Supplied material
= Beginning of Section =

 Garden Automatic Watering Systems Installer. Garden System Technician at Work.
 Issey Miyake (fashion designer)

= End of Section =
= Beginning of Section =

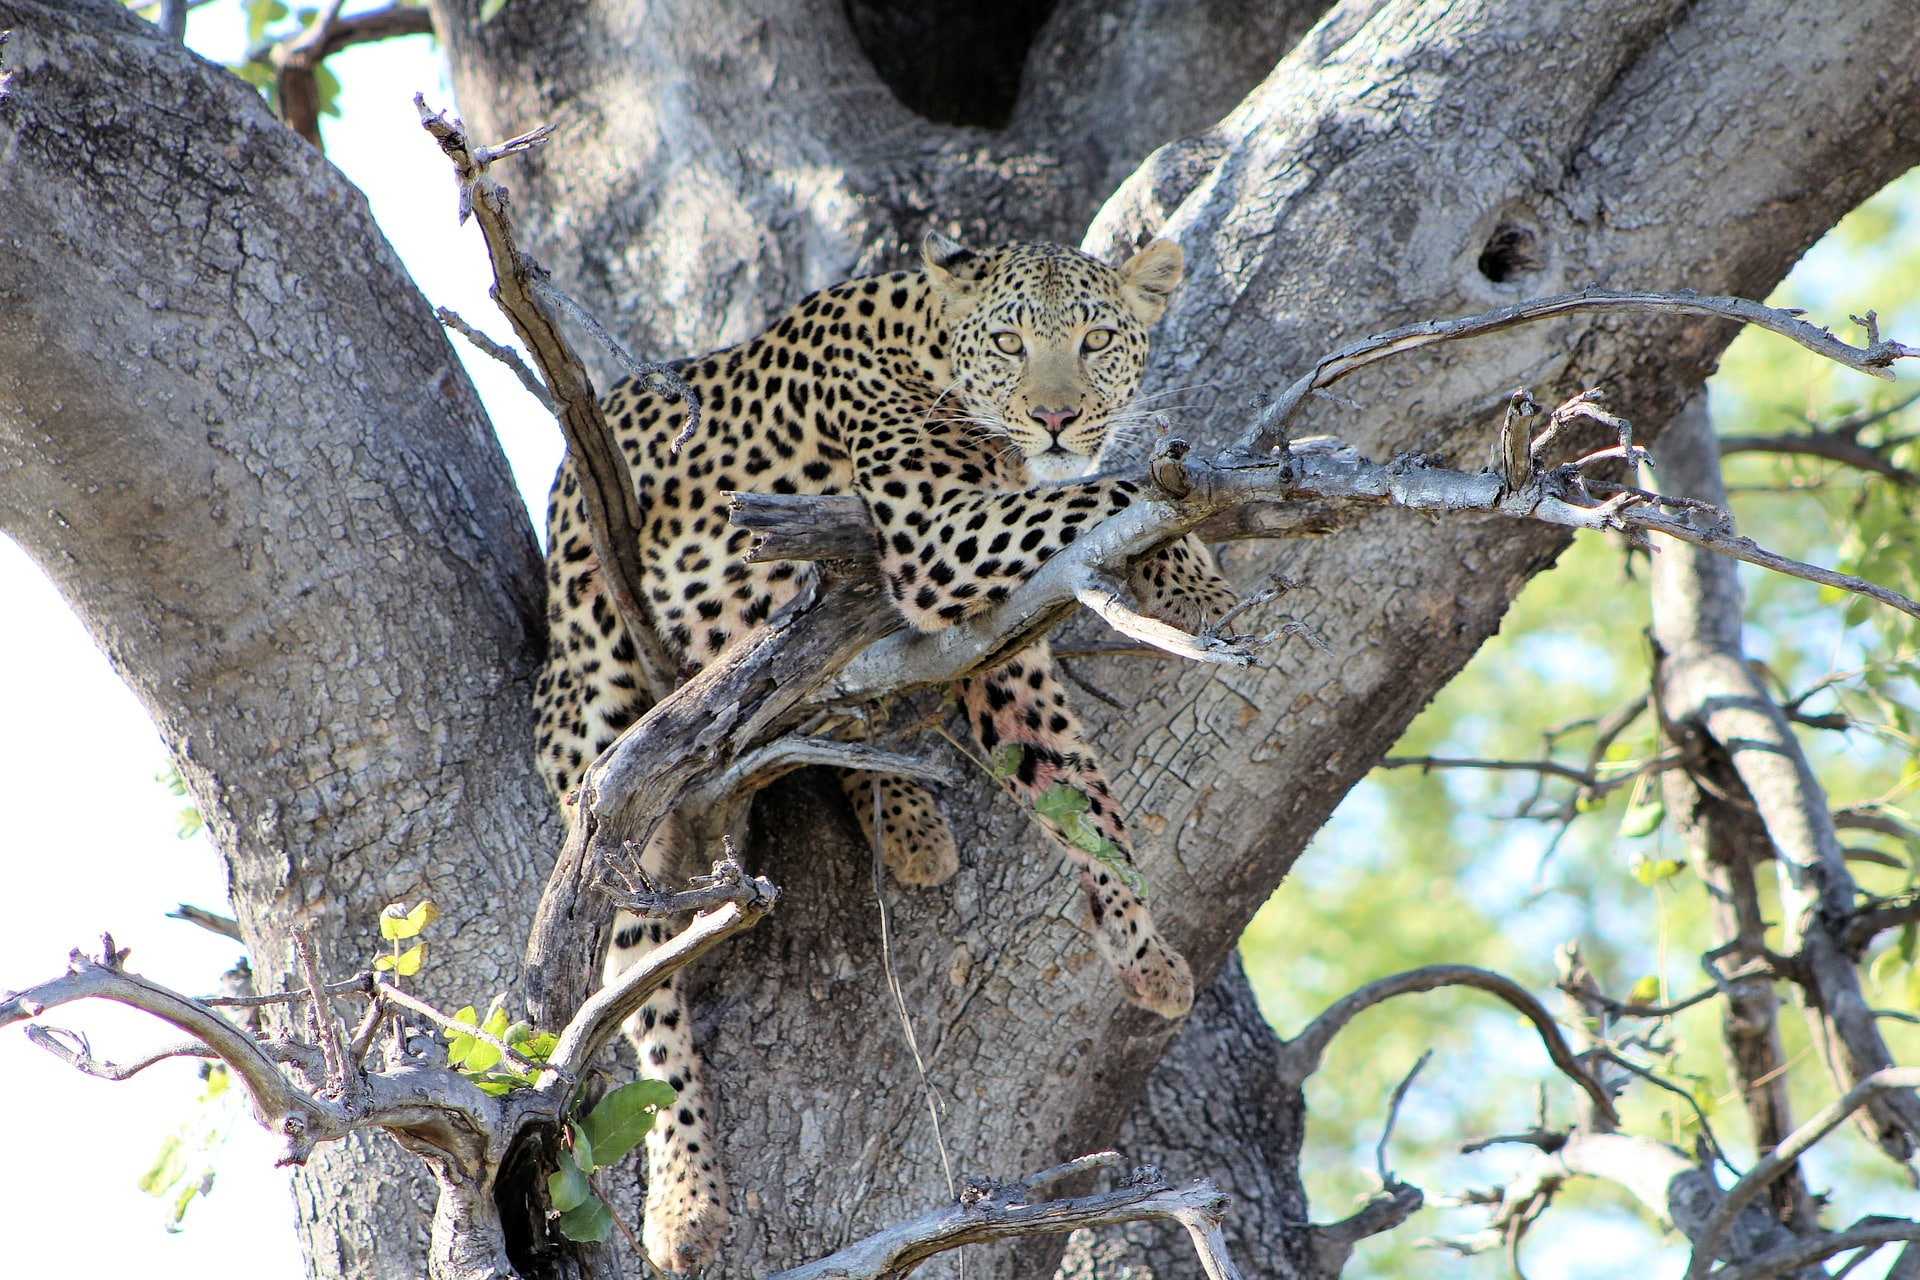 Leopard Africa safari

= End of Section =
= Beginning of Section =

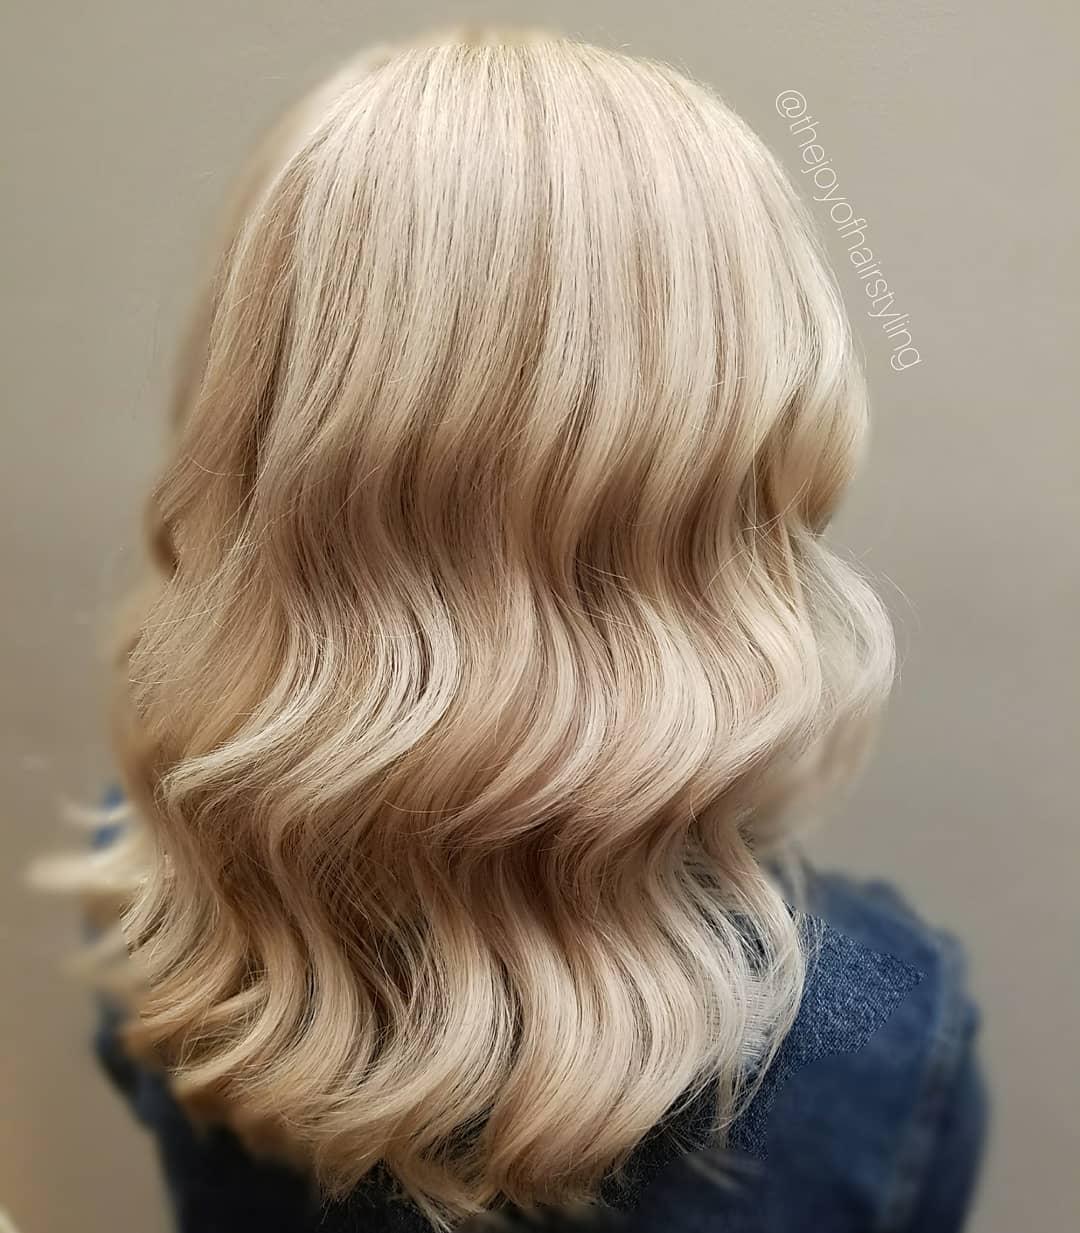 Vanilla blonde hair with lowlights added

= End of Section =

Each line above from the one with "Garden Automatic Watering" up to and including the one with "Issey Miyake (fashion designer)" must be set down exactly, and no line outside that span may appear.

 Garden Automatic Watering Systems Installer. Garden System Technician at Work.
 Issey Miyake (fashion designer)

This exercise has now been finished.